Respondent with a citation to his nonacquiscence in Anglo-Am. Direct Tea Trading Co., see 1939-1 C.B. (Pt. 1) 39, argues on brief that the holdings in Anglo-Am. Direct Tea Trading Co. and Ardbern Co. v. Commissioner, supra, as to the construction of former section 233 are incorrect and invites the Court to disavow those holdings. We decline that invitation. We also disagree with respondent’s argument that the applicability of the rationale of the court in Ardbern is limited to those cases where a compelling equitable consideration is present so as to serve elementary justice. The Court of Appeals for the Fourth Circuit held specifically in Ardbern Co. v. Commissioner, supra at 426, that former section 233 does not forbid a taxpayer from deducting expenses when the taxpayer files, or attempts in good faith to file, a return claiming those deductions before the Commissioner determines a deficiency against the taxpayer or files a substitute return on the taxpayer’s behalf.

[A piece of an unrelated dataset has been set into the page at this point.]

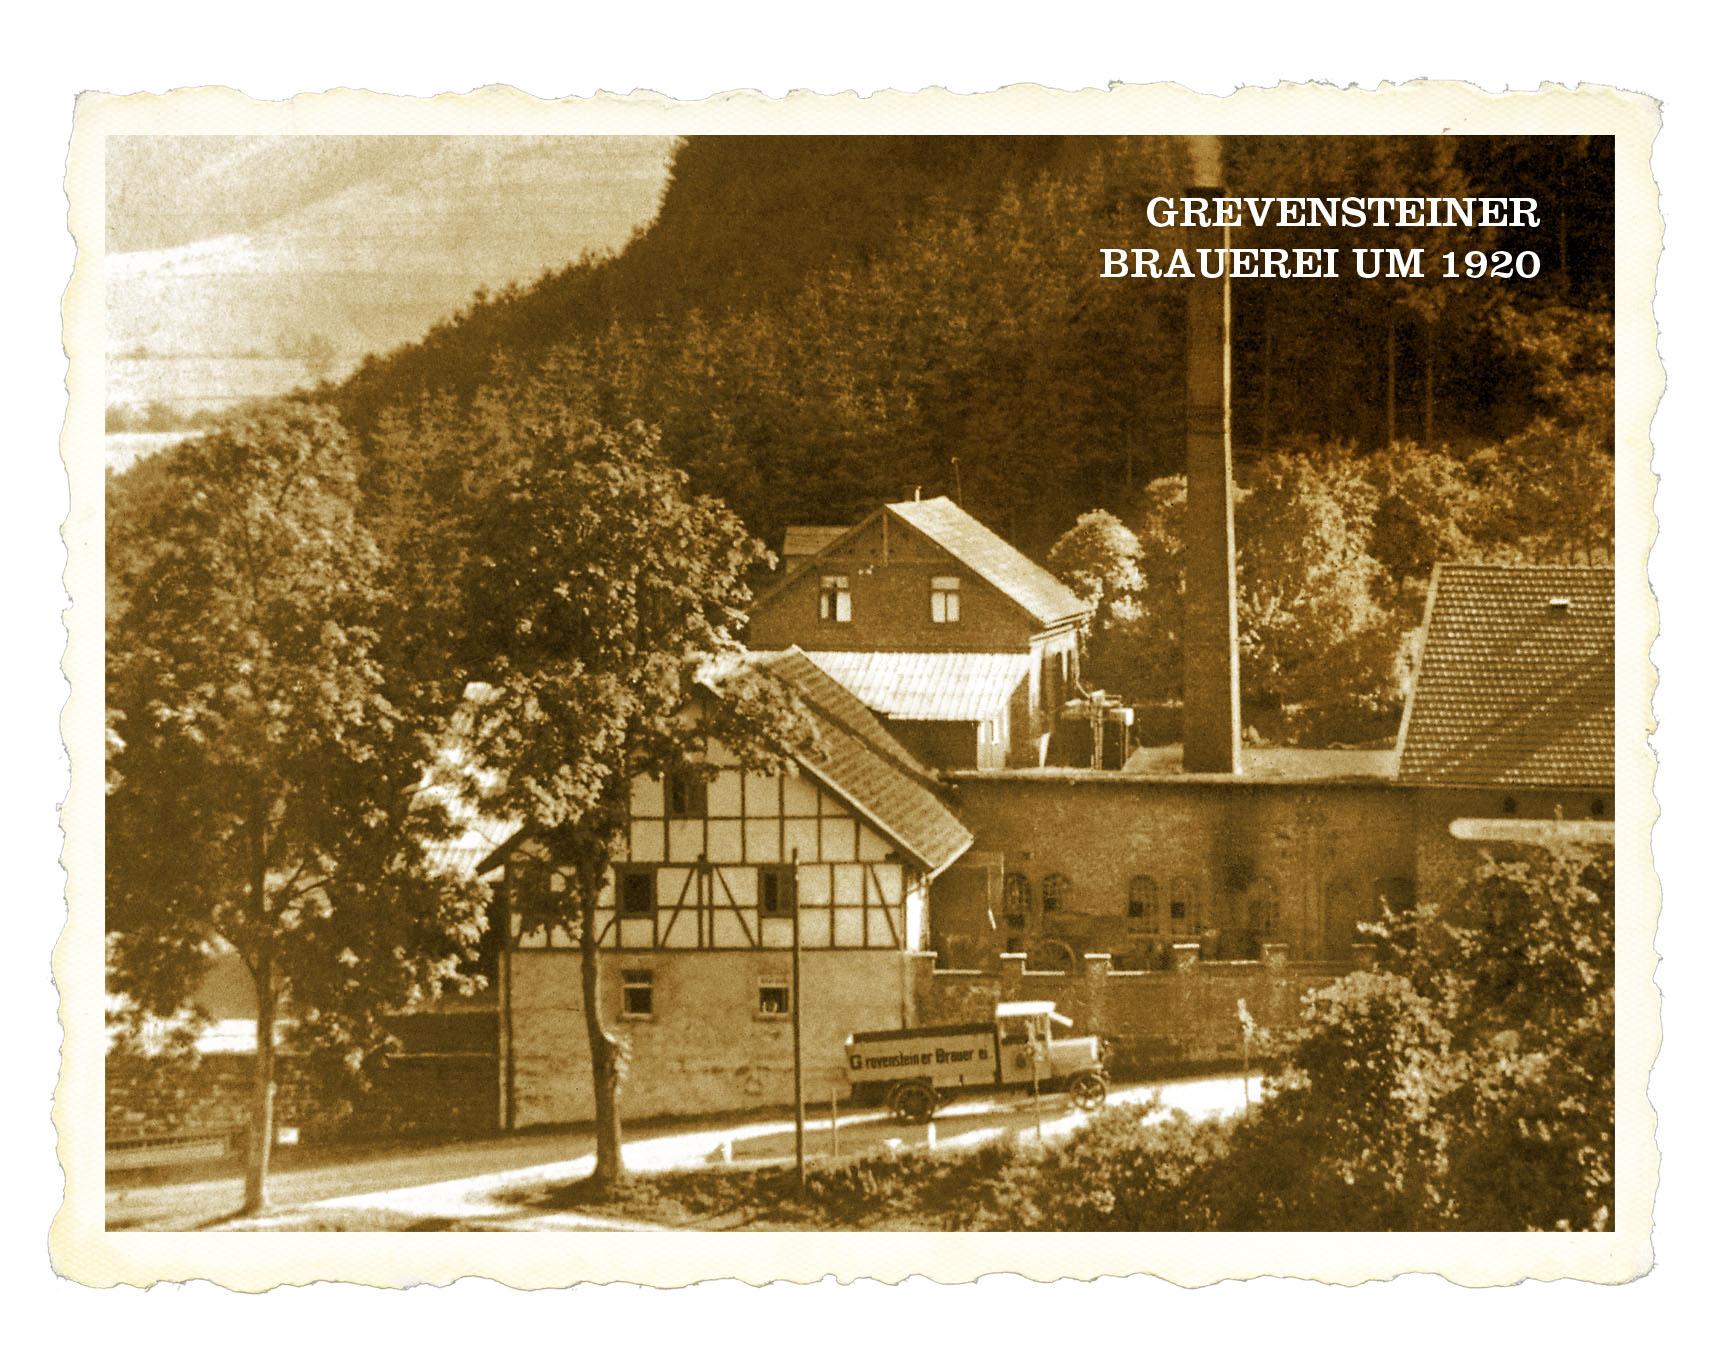 Postkarte.jpg

Accord Blenheim v. Commissioner, supra at 908 (“It is true that this section [section 233 of the 1928 and 1932 Revenue Acts] contains no reference to a time element.”).

XI. Conclusion

On the basis of the foregoing, we conclude that the disputed regulations are invalid to the extent described herein. Given the plain meaning of the relevant text and the historical setting laid out in detail in this Opinion, including caselaw, legislation, legislative history, and regulations, the Secretary’s adoption of a timely filing requirement and his attempted sub silentio overruling of contrary judicial and administrative precedents is unreasonable under Natl. Muffler Dealers Association v. United States, 440 U.S. 472 (1979).30 Congress is the legislator in our system of government, and when an interpretation must be made of a tax bill enacted into law, both the judicial and executive branches of Government, the latter acting through the Treasury Department, may render that interpretation in their own constitutionally permitted ways. As one of those ways, however, it is not reasonable for the Secretary (or anyone else for that matter) to construe a statute’s unambiguous meaning in a manner contrary to that intended by Congress in passing the legislation. Such is especially so where, as here, the Secretary attempts to circumvent longstanding judicial decisions that have arrived at the plain meaning of a statute enacted decades before. After the passage of over a half of a century, during which the law on this subject has remained settled and has been relied upon by both taxpayers and the Government alike, it is simply wrong for the Secretary to attempt to resurrect a failed litigating position through the issuance of interpretative regulations.31

We hold, contrary to respondent’s determination, that section 882(c)(2) does not preclude petitioner from deducting the expenses claimed on the subject returns. We have considered all arguments made by the parties as to the manner in which we resolve this case and have found those arguments not discussed herein to be without merit.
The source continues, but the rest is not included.